Время всегда идет вперед, и нет у него ни преград, ни остановок. Вот и он уже унесен ветром времени на приличное расстояние от нежного возраста. Много чего случилось на том пути, но и во времена стабильности, застоя и даже новой смуты он учился, реализовывая свое к этому постоянное желание. Дипломы получились что надо, с серпасто-молоткастыми гербами на синих обложках. Он мало того, что имел прилежание к учебе, но еще и имел склонность планировать свою жизнь, и даже не только на ближайшую перспективу. Выстроил бизнес, построил дом в деревне и, будучи по своей натуре толстовцем, намеревался учительствовать в сельской школе. Ему старость виделась не на пляжах в экваториальных странах, и не в стриптиз-клубах мировых столиц. Представлялось, как прохладным сентябрьским утром он с палочкой и портфелем, обязательно в фетровой шляпе по моде 60-х годов прошлого века, идет по сельским тропкам к первому звонку в школу, что расположилась еще в том здании типовой советской архитектуры.
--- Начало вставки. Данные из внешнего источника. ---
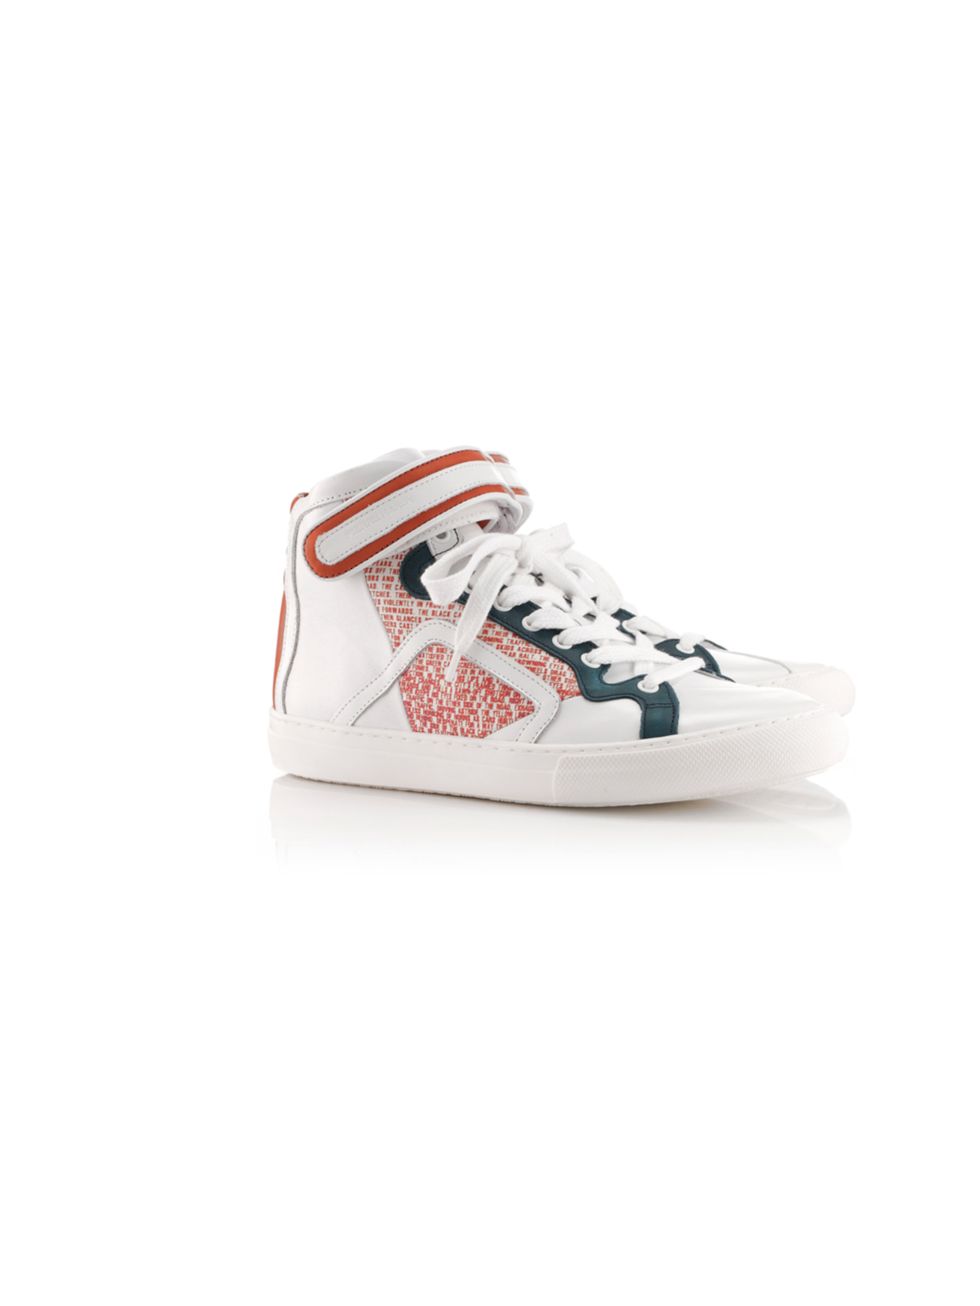 <p>Pierre Hardy for Mother of Pearl sneakers, £405, at <a href="http://www.avenue32.com/shoes/all-shoes/thymmus-orange-breakpoint-4102.html">Avenue 32</a></p>

Подходило время реализации этой не очень понятной его друзьям и знакомым программы. И тут он начал делать одну ошибку за другой, видимо, совершенно не понимая, куда двигается. И первая ошибка была с первого же шага, с его визита в районный комитет образования, который в местной прессе заявлял об острой нехватке учителей в сельских школах. Большая женщина в маленьких очках и в белом кримпленовом платье с красными гвоздиками встретила его в меру улыбчиво, и в меру учтиво. Он не угадал, что надо соблюдать правило дозирования и сразу выложил все эти серпасто-молоткастые дипломы, в том числе и с кандидатской степенью. Она открывала эти корки, а он рассказывал, в каком селе собирается учительствовать. Та задала всего два вопроса, и первый из них был:

– Знаете ли Вы о зарплате учителя сельской школы?

Тот ответил, что ему это не интересно. Как тот самый толстовец, он воспринимал учителей и санитарок больниц не как работающих. Он видел в этом служение, но не идее, а людям. Но он это не озвучил, чутьем бизнесмена улавливая, что стартует как-то не совсем плавно. И тут прозвучал ее второй вопрос:

– А зачем тогда?

Он как-то смялся, оставшись без отчетливых объяснений. Тогда она предложила в ее присутствии встретиться с директором той сельской школы и окончательно объясниться по трудоустройству на месте.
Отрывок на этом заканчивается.